Трудно представить себе человека, более напоминающего свою мать, чем он. Хосе Аркадио был в строгом костюме из тафты, в рубашке с круглым твердым воротничком, из-под которого вместо галстука свисала узкая шелковая лента, завязанная узлом. Бледный, апатичный человек со скучающим взором и вялыми губами. Черные напомаженные волосы, разделенные тщательным прямым пробором по длине черепа, напоминали гладкие парики святых. Казалось, и тень бороды не могла запятнать его на совесть выбритое парафиновое лицо. Руки с голубыми жилами и ленивыми пальцами были белы, а на левом мизинце сверкало толстое золотое кольцо с круглым желтым опалом. Открыв ему дверь, Аурелиано сразу понял, кто явился из дальних заморских краев. Куда бы приезжий ни шагнул, везде оседал запах цветочной воды, которой Урсула кропила ему голову, когда он был ребенком, чтобы находить его во тьме. Каким-то непостижимым образом после стольких лет отсутствия Хосе Аркадио продолжал оставаться поздним ребенком, страшно грустным и одиноким. Он направился прямо в спальню матери, где Аурелиано четыре месяца выпаривал ртуть из тигля своего деда, чтобы сохранить тело по рецепту Мелькиадеса. Хосе Аркадио не задал ни одного вопроса. Он поцеловал покойницу в лоб и вытащил у нее из-под юбки подшитый карман с тремя оставшимися бандажами и ключ от шкафа. Все это он проделал уверенно и решительно, что никак не вязалось с его кислым видом. Вынул из шкафа обтянутую шелком шкатулку с фамильным гербом, из которой пахнуло сандалом, и развернул объемистое письмо, где Фернанда изливала свою душу, доверяя бумаге бесчисленные, доныне сокрытые истины. Он стоя прочитал письмо, с любопытством, но без волнения задержался на третьей странице, испытующе поглядев на Аурелиано, будто увидел его впервые.

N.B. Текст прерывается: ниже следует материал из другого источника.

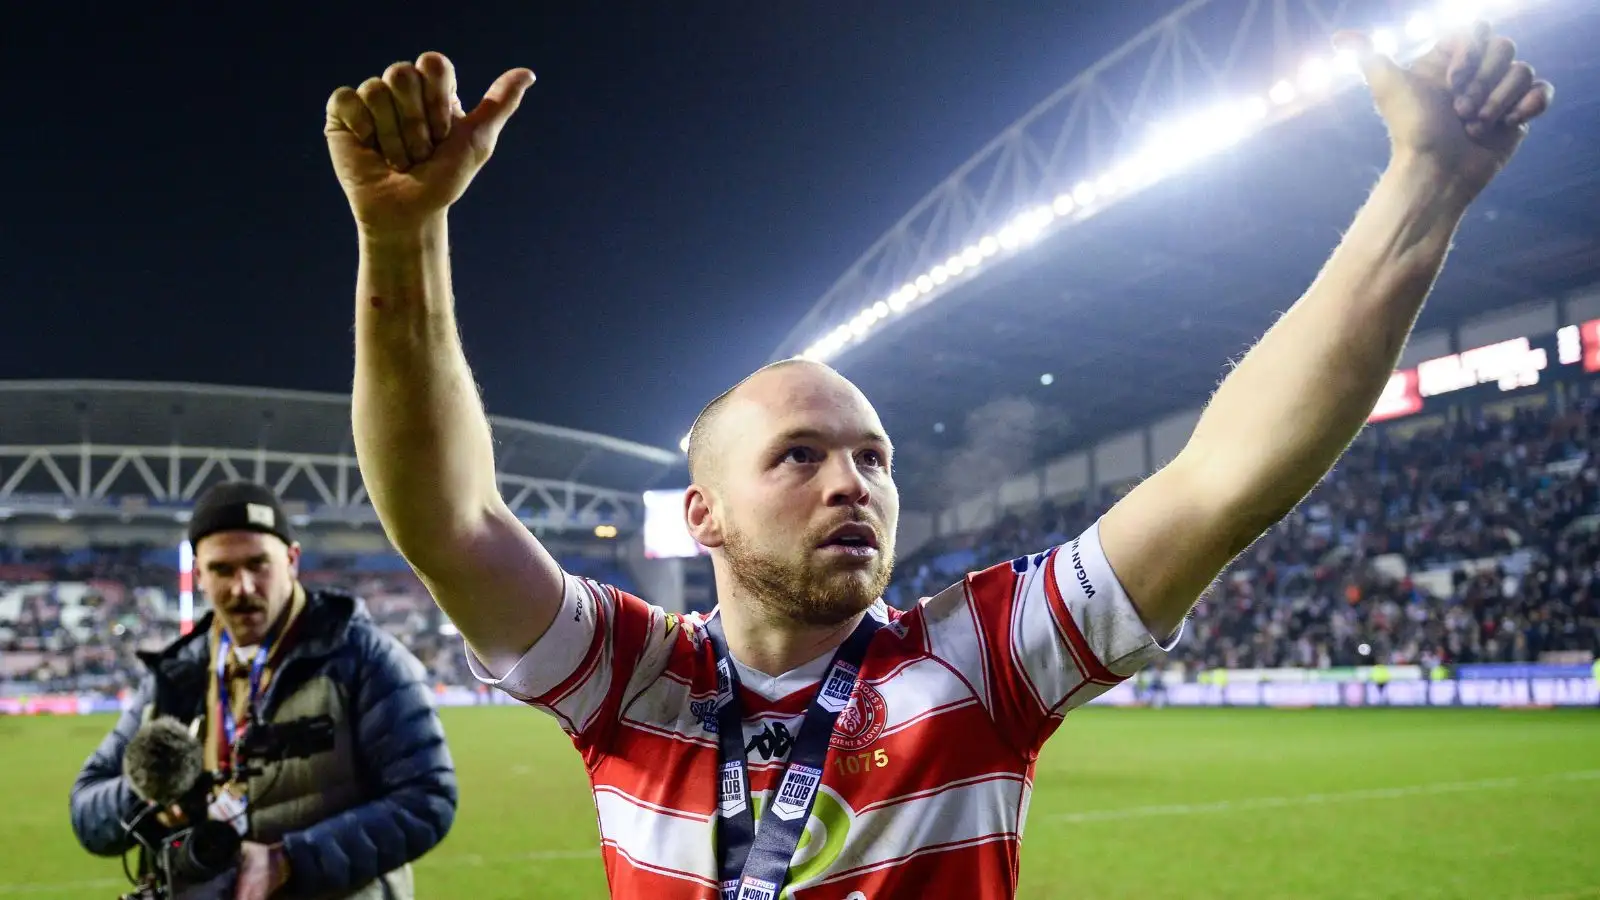 The Debrief: Wigan Warriors’ strength in depth, Huddersfield Giants jigsaw, Liam Marshall for England?

– Значит, – сказал он голосом, острым как бритва, – ты незаконнорожденный.
– Я Аурелиано Буэндия.
– Иди в свою комнату, – сказал Хосе Аркадио.

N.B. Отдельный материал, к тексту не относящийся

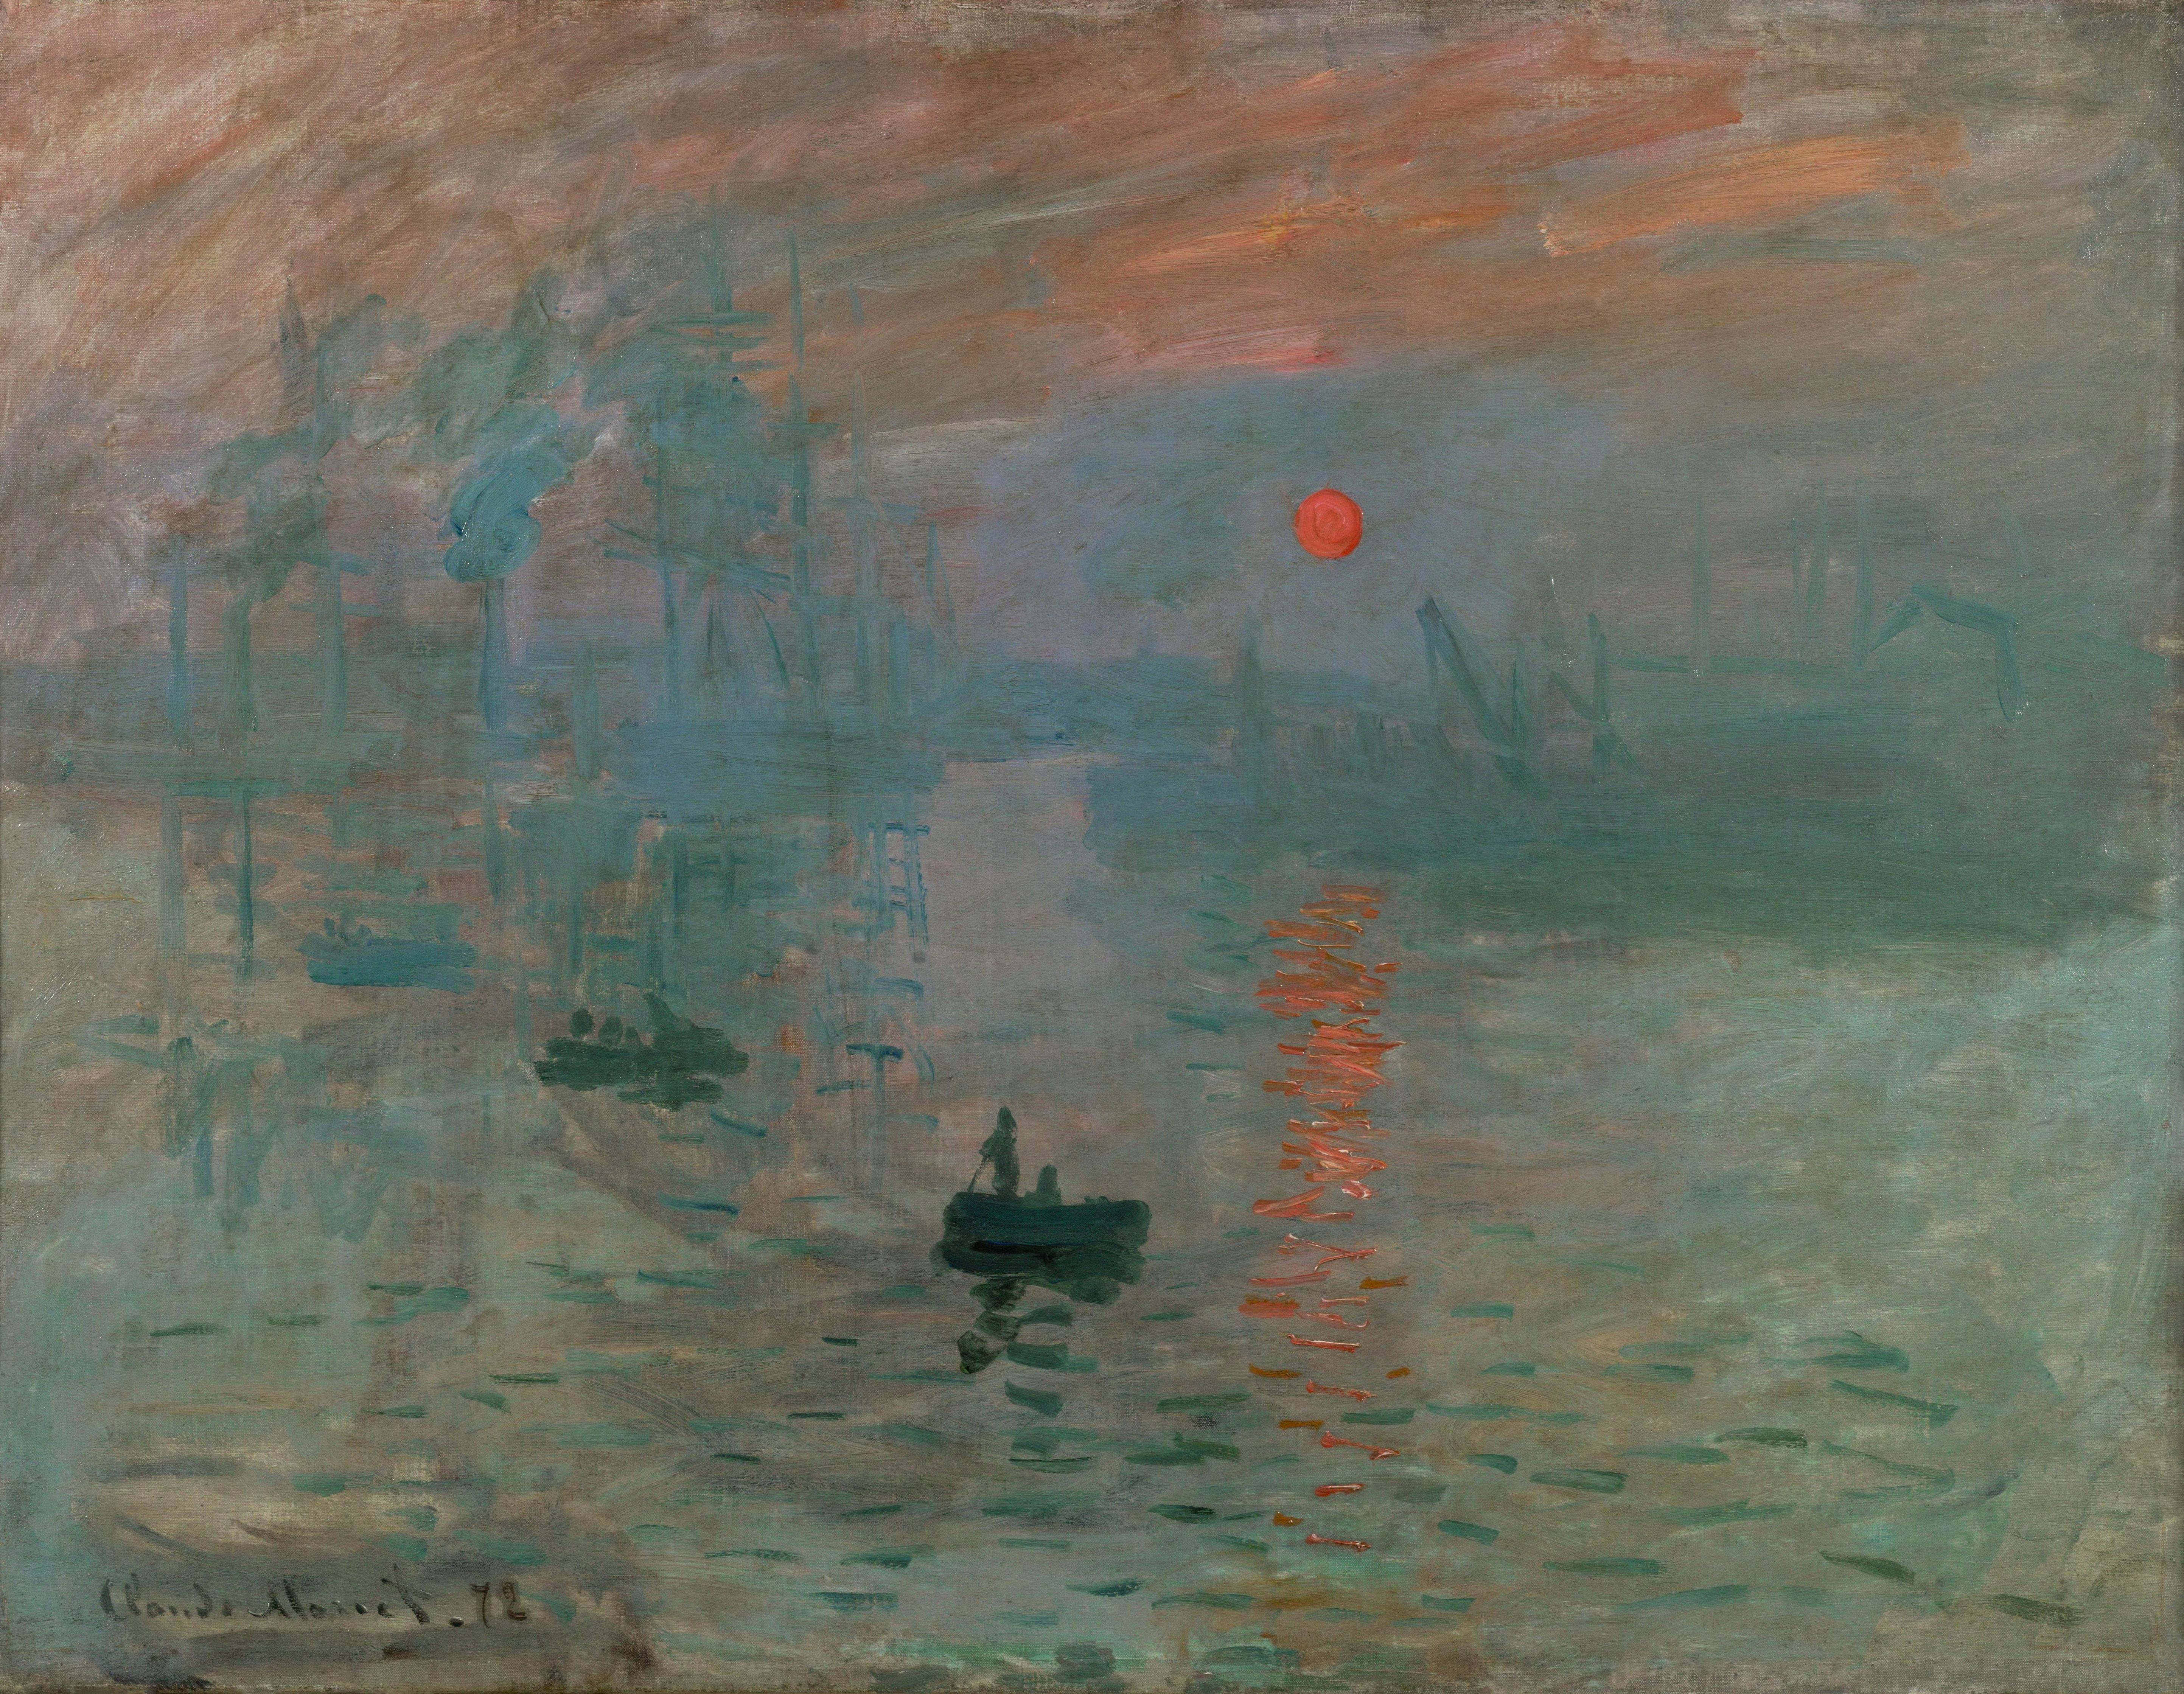 A single small boat is on the water, while a red sun rises and casts a long reflection.

Аурелиано пошел и не выходил оттуда, оставаясь равнодушным даже к звукам, сопровождавшим сиротливые похороны. Иногда он видел из кухни Хосе Аркадио, который бродил по дому, сопя и задыхаясь, а за полночь прислушивался к его шагам в запустелых спальнях. Много месяцев он не слышал голоса Хосе Аркадио, и не потому, что тот к нему не обращался, а потому, что сам Аурелиано не имел ни малейшего желания с ним разговаривать, ни времени думать о чем-либо другом, кроме пергаментов. После смерти Фернанды он взял предпоследнюю рыбку и отправился в книжную лавку ученого каталонца за необходимыми книгами. Его ничто не интересовало из виденного по пути, возможно потому, что вспоминать – для сравнения – было не о чем, а безлюдные улицы и пустые дома выглядели так, как он их себе представлял в ту пору, когда отдал бы душу, лишь бы на них посмотреть. Он сам дозволил себе то, в чем ему отказала Фернанда, и только один раз, с одной-единственной целью и на самое короткое, необходимое для дела время, и потому пробежал без остановки одиннадцать кварталов, отделявших дом от закоулка, где раньше толковали сны, и вошел, запыхавшись, в тесную темную комнатушку, где едва можно было повернуться. Помещение походило не на книжную лавку, а на свалку потрепанных книг, в беспорядке громоздившихся на полках, источенных термитами и прикрытых паутиной, и даже в узких проходах. За длинным столом, прогнувшимся под тяжестью томов, хозяин сидел над рукописью без конца и начала и плел фиолетовую буквенную вязь на листках, вырванных из школьной тетради. На его лбу хохолком какаду подрагивала прядь волос, вырвавшаяся из чудесной серебристой шевелюры, а в его синих, живых, прищуренных глазах светилось благодушие человека, прочитавшего все книги на свете. Он сидел в одних кальсонах, мокрый от пота, и даже не поднял головы посмотреть, кто вошел. Аурелиано без труда отыскал в чудовищных нагромождениях пять нужных книг, ибо они лежали именно там, где сказал Мелькиадес. Молча протянул их вместе с золотой рыбкой ученому каталонцу[109], тот их полистал, и веки его плотно сомкнулись, как ракушки. «Ты, видимо, спятил», – сказал он на своем языке, пожав плечами, и вернул Аурелиано пять книг и рыбку.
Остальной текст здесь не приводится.